In an interview with Brazil-Post, he said he was against invasions in schools. "Studying is a guaranteed right and it is not half a dozen students who do not even know what they are protesting against." Regarding PEC 241, he is in favor of the proposal and also in favor of the measure and of the social security and labor reforms defended by President Michel Temer. In this same interview, Holiday said that he will combat the victimhood, and said to be in favor of the 10 Measures against corruption, a bill of authorship of the Federal Public Ministry.

He has a liberal political position, and that all should be equal before the law, as the Brazilian Constitution says even if it admits to being a new figure of Brazilian Conservatism.

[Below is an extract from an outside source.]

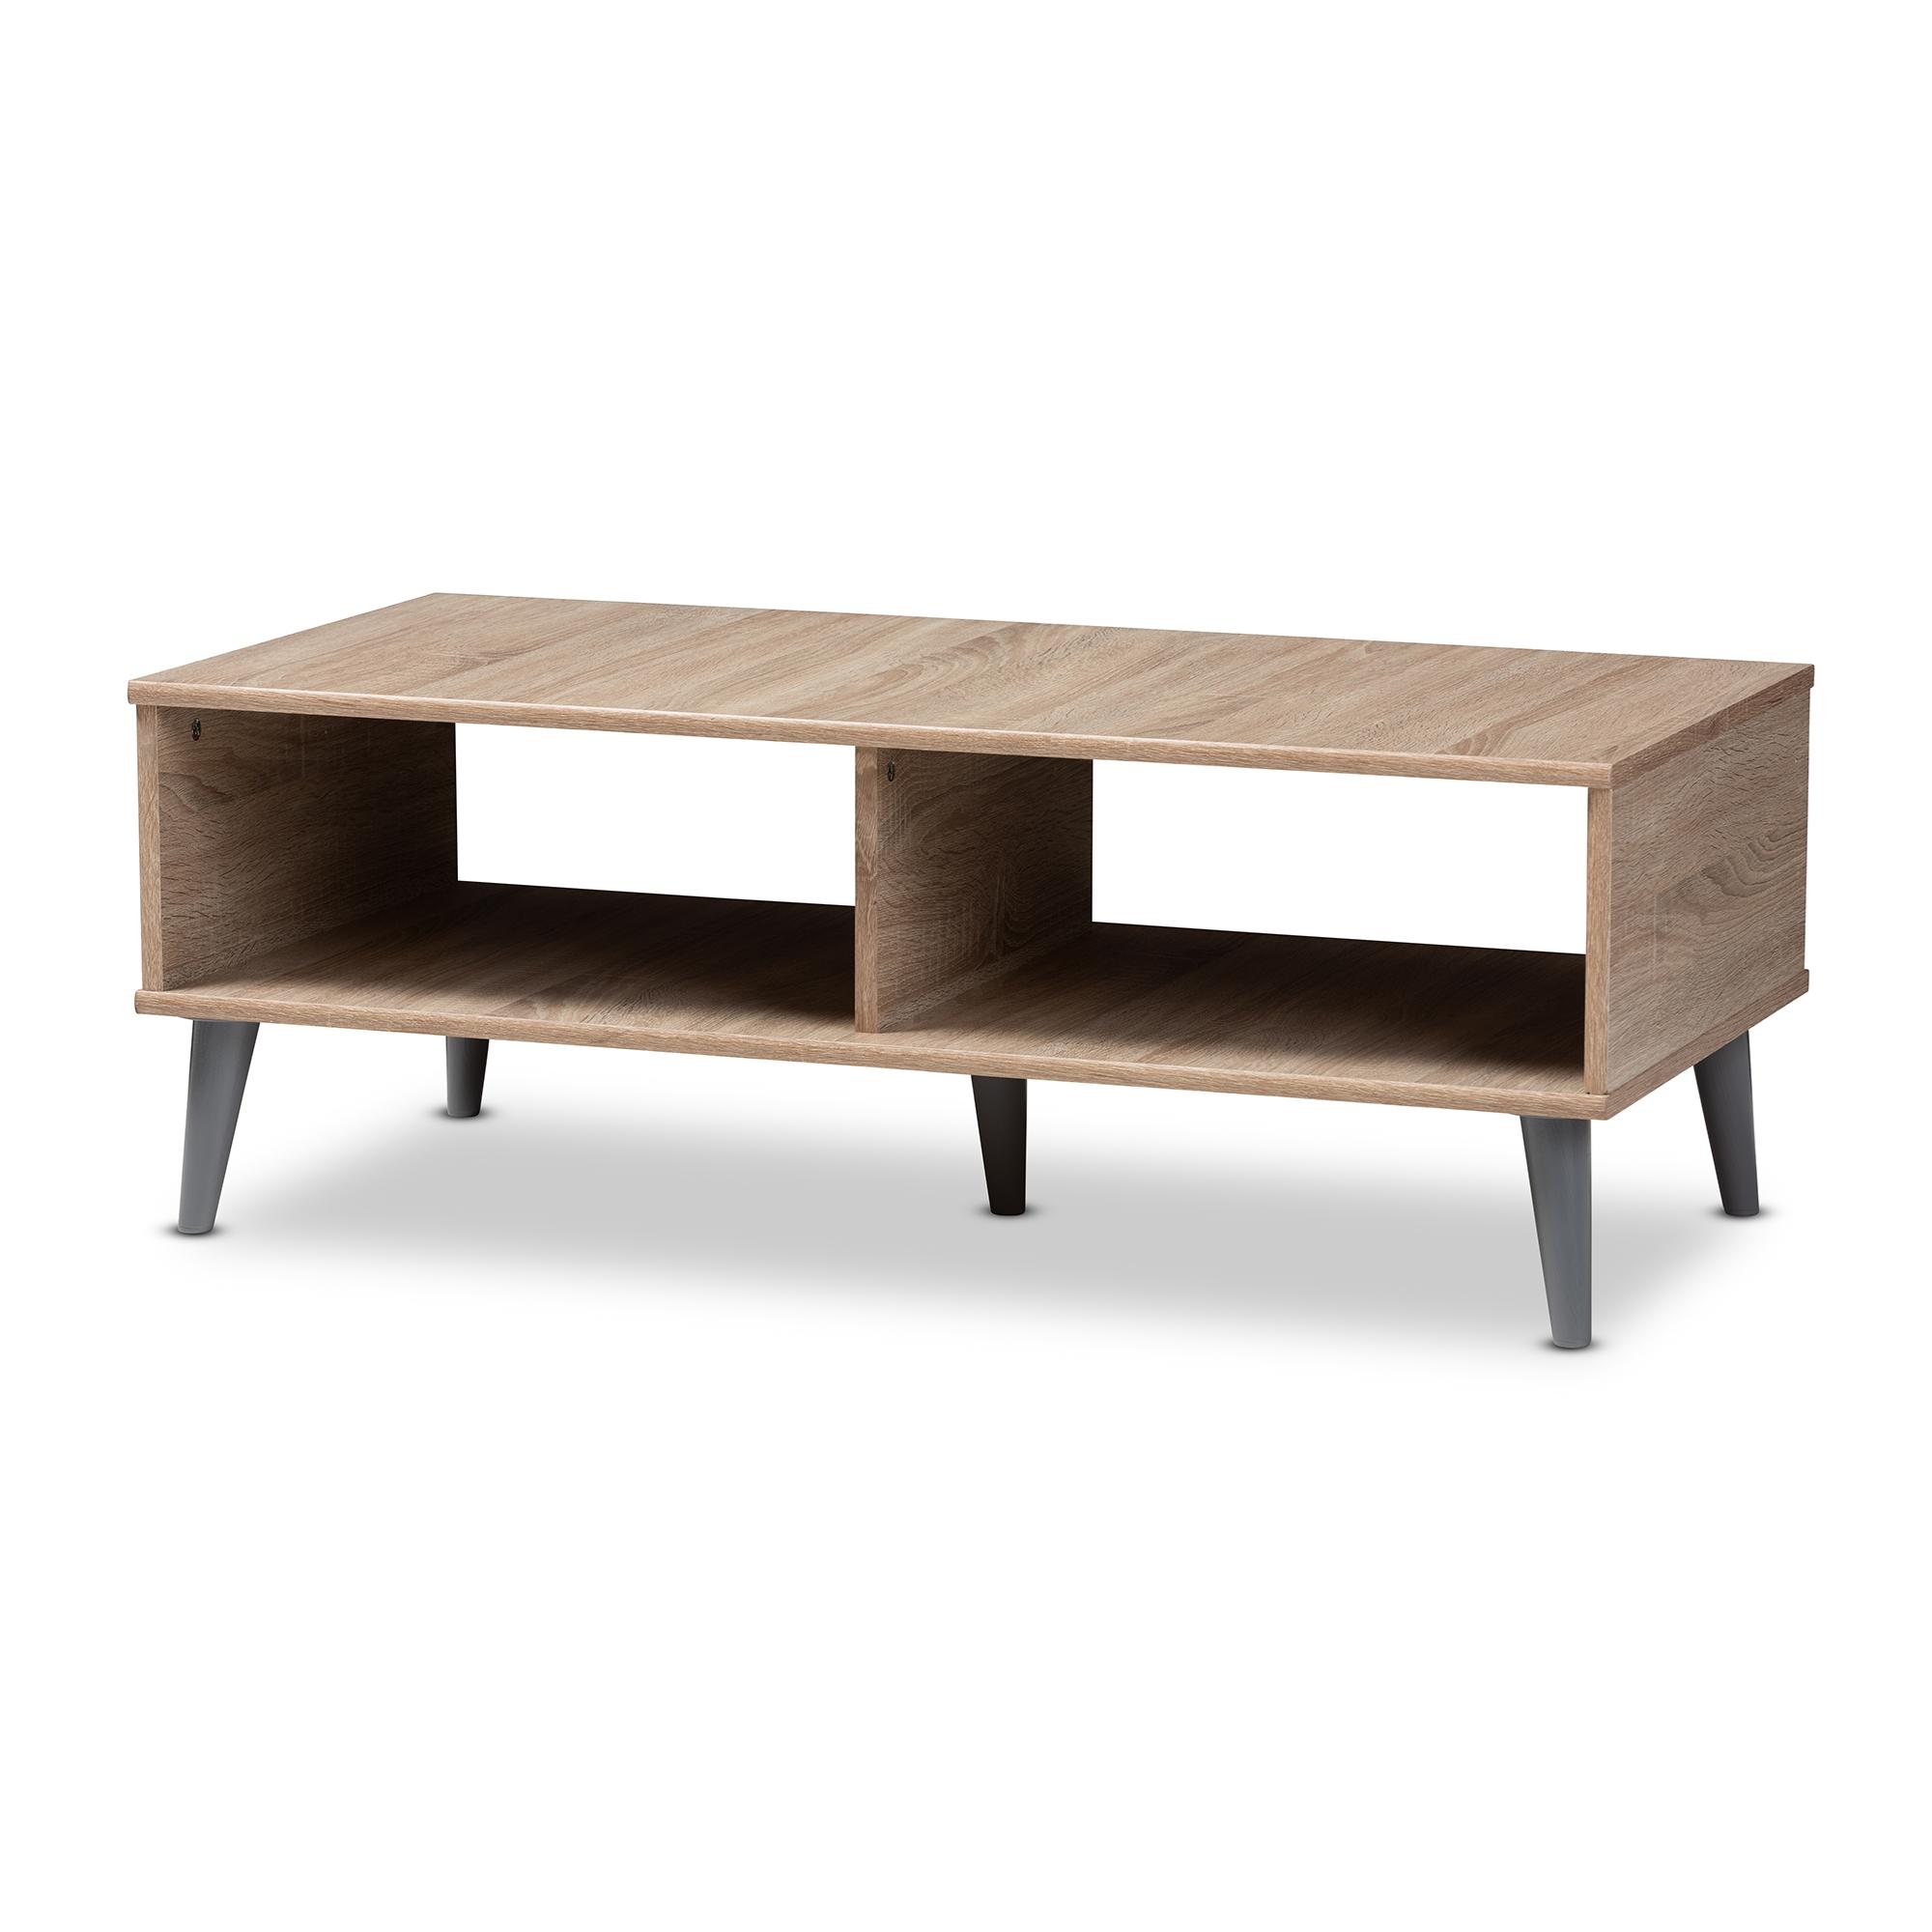 Baxton studio pierre mid century modern oak and light grey finished wood coffee table

In December 2016 his public position was opposed to the increase of the salaries of the councilors of São Paulo, approved on 20 December by the own ones, a readjustment of 26.3%, in the middle of financial crisis. On 25 December, Judge Alberto Alonso Munoz through a preliminary injunction suspended the salary increase on the grounds that it violates the Fiscal Responsibility Law. The preliminary injunction was a popular action. In 2016, he gave an interview to Brasil Paralelo, a group that in his documentaries, among others, explained Dilma Rousseff's impeachment.

==Controversies==

In 2018, politician Ciro Gomes called Fernando Holiday a "capitão do mato" (Bush captain, a Black hunter of runaway slaves; akin to Uncle Tom). In an interview with Rádio Jovem Pan, while presenting his political proposals, Ciro, without being asked about Fernando Holiday, said:

Holiday said on video that he wants to sue him. On 12 July 2018, a police investigation was opened to investigate the nature of the allegations. In 2019, Gomes was convicted and ordered to pay R$38,000 in moral damages.

==Personal life==

Holiday is a Roman Catholic convert from Evangelical Protestantism and due to his religious faith he abstains himself from relationships. He is a gay man. Holiday is against the practice of abortion and proposed a law to restrict it.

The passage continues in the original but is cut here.